AVAILABLE DATA: Begin

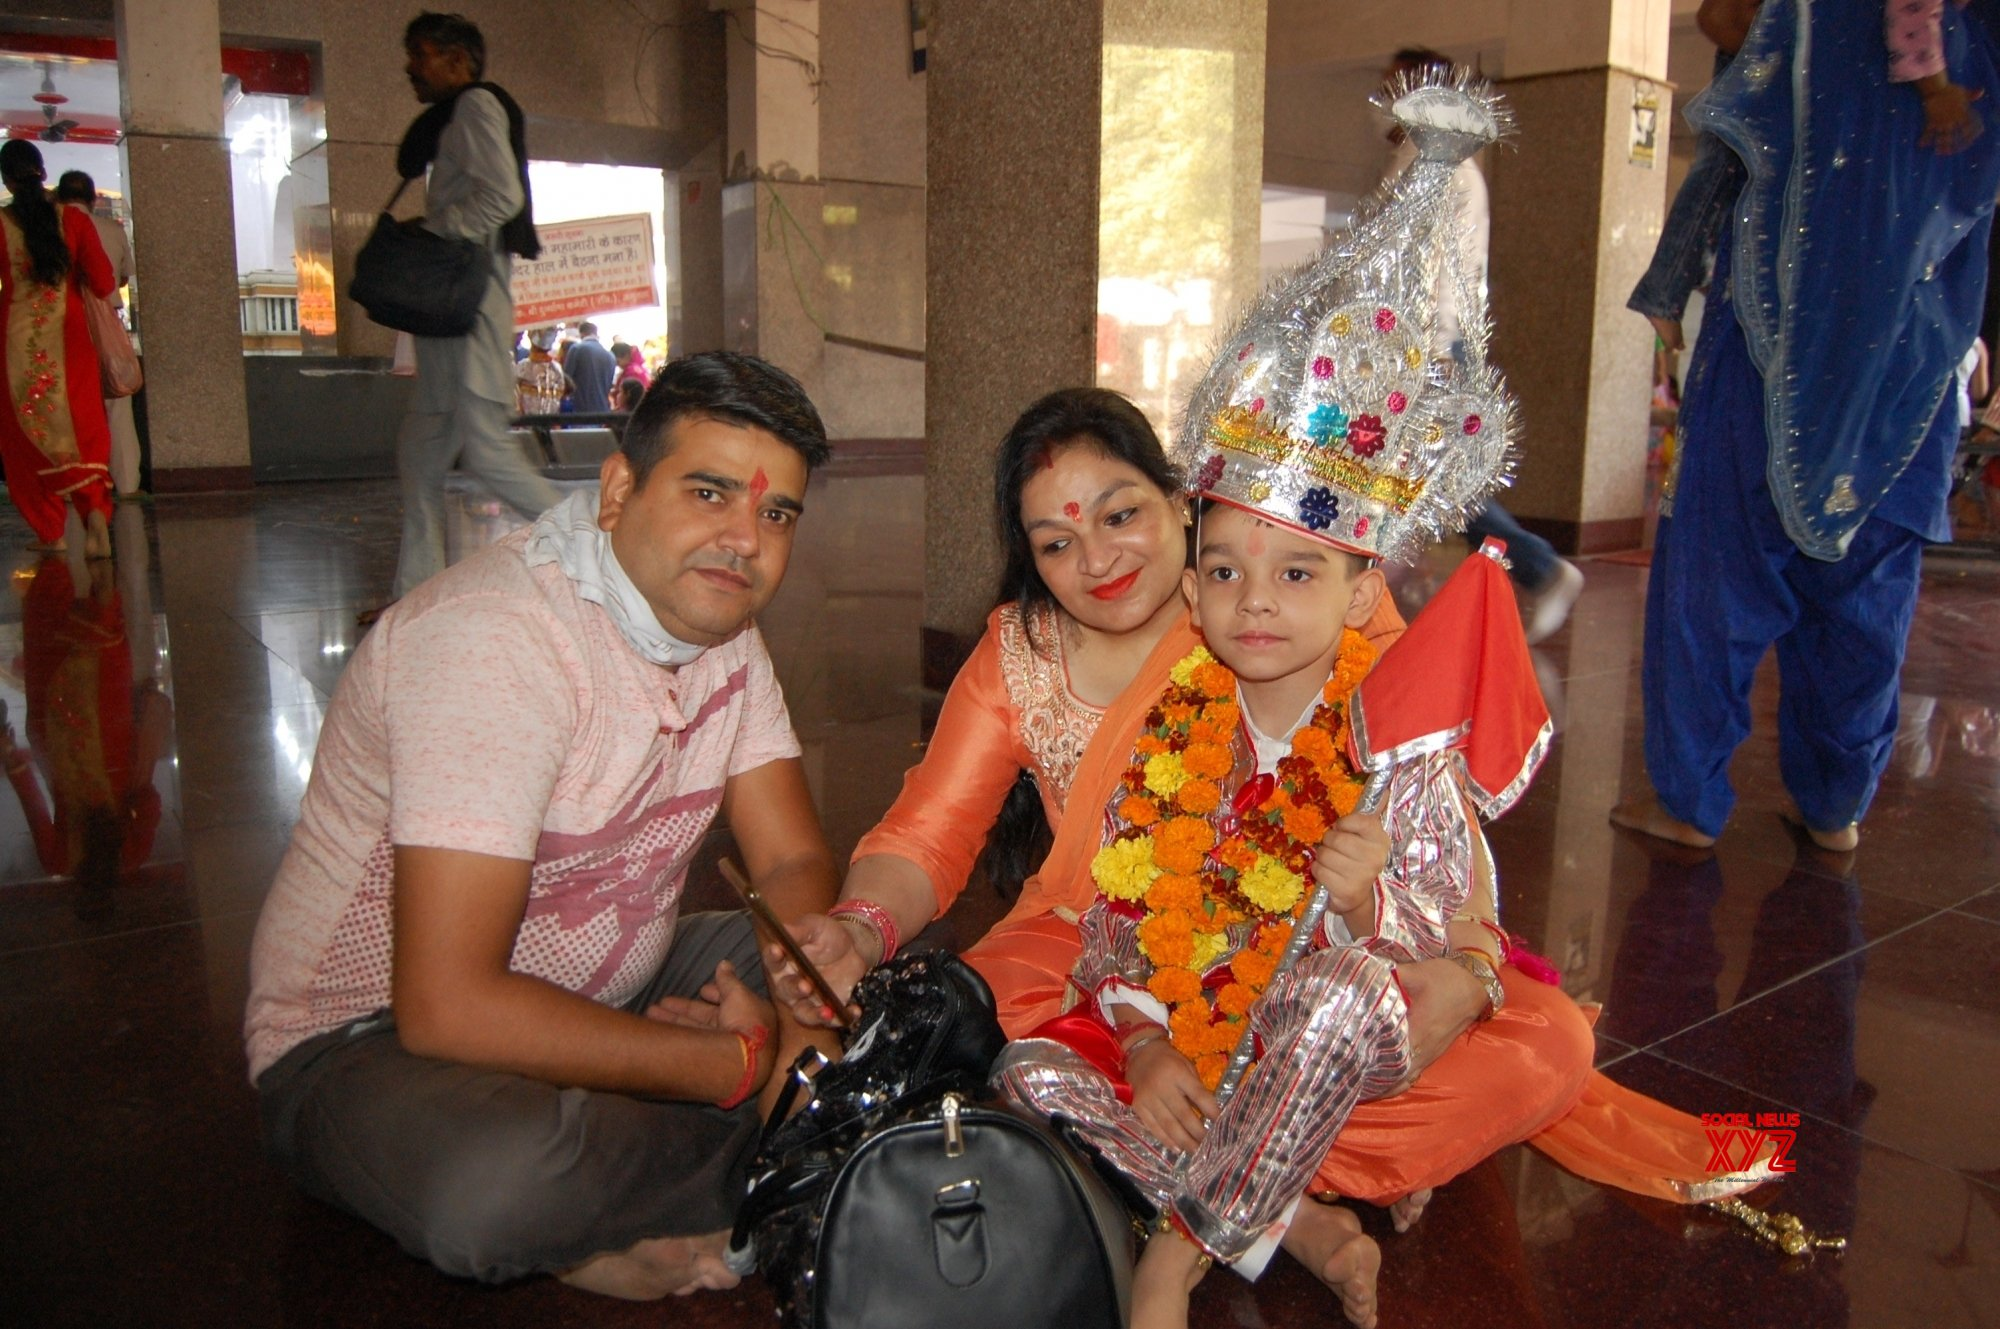 Amritsar: Devotees throng Bara Hanuman Temple on the first day of Navaratri #Gallery
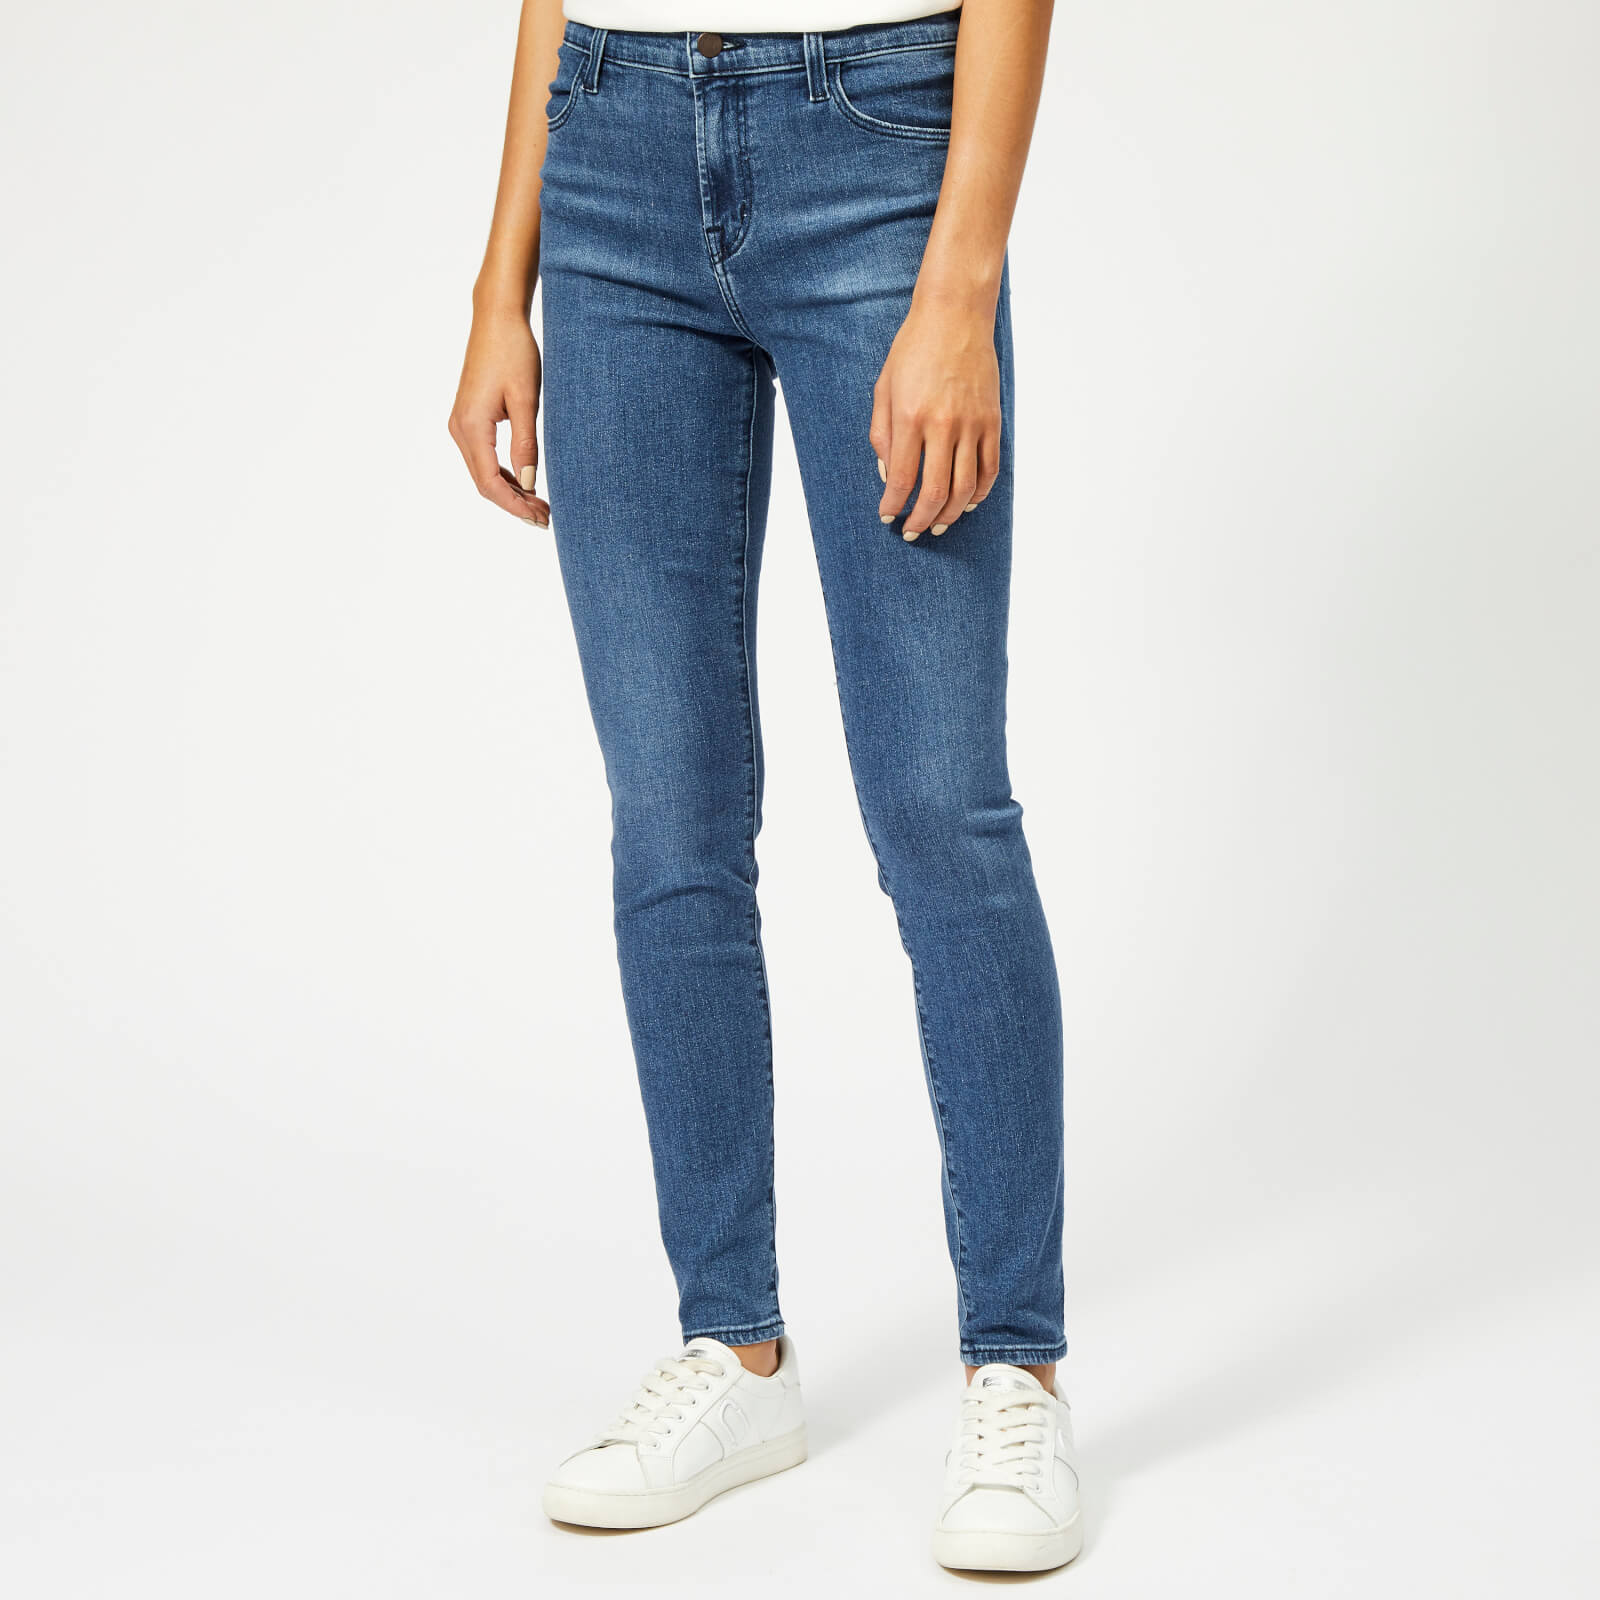 c2a6705dcbe90 J Brand Women s Maria High Rise Skinny Jeans - Earthy - Free UK ...
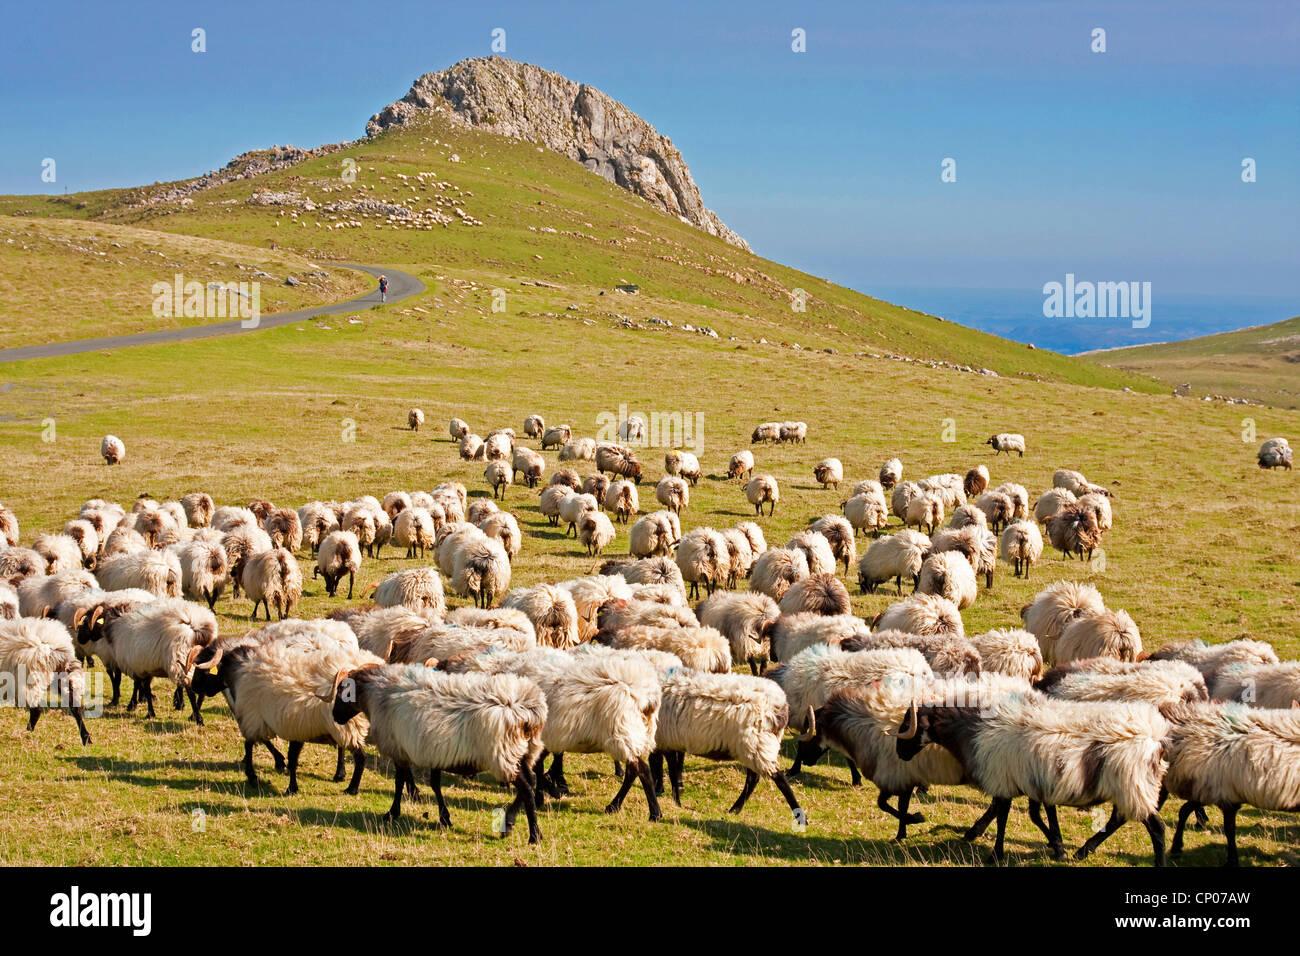 Sheep on camino de santiago am weg weg von st jean pied de port nach stock photo royalty free - St jean pied de port to santiago ...
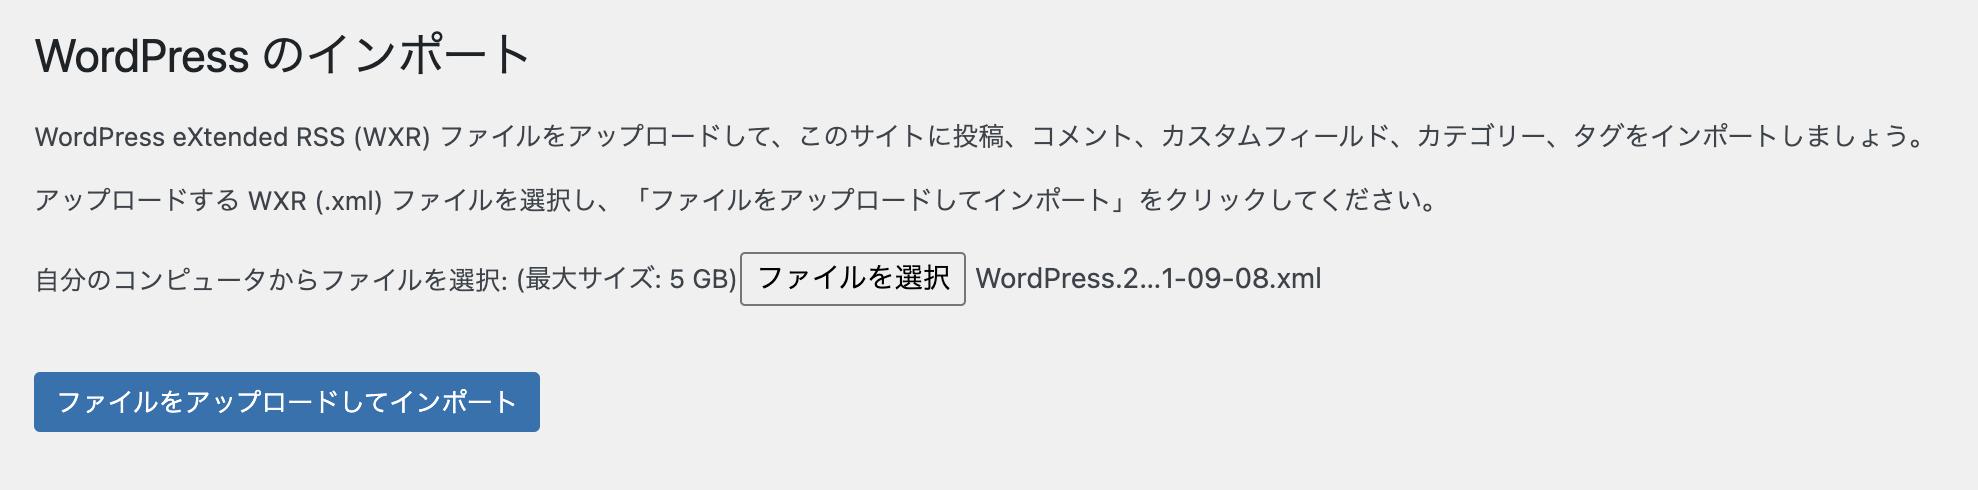 docker wordpress xml import

AVAILABLE DATA: End

*WORK ITEM*: Copy exactly, and only, the lines from the first line of the material through the line that contains "c2a6705dcbe90 J Brand", both ends kept; no pictures.

*RESULT OF THIS TASK*:
 Amritsar: Devotees throng Bara Hanuman Temple on the first day of Navaratri #Gallery
 c2a6705dcbe90 J Brand Women s Maria High Rise Skinny Jeans - Earthy - Free UK ...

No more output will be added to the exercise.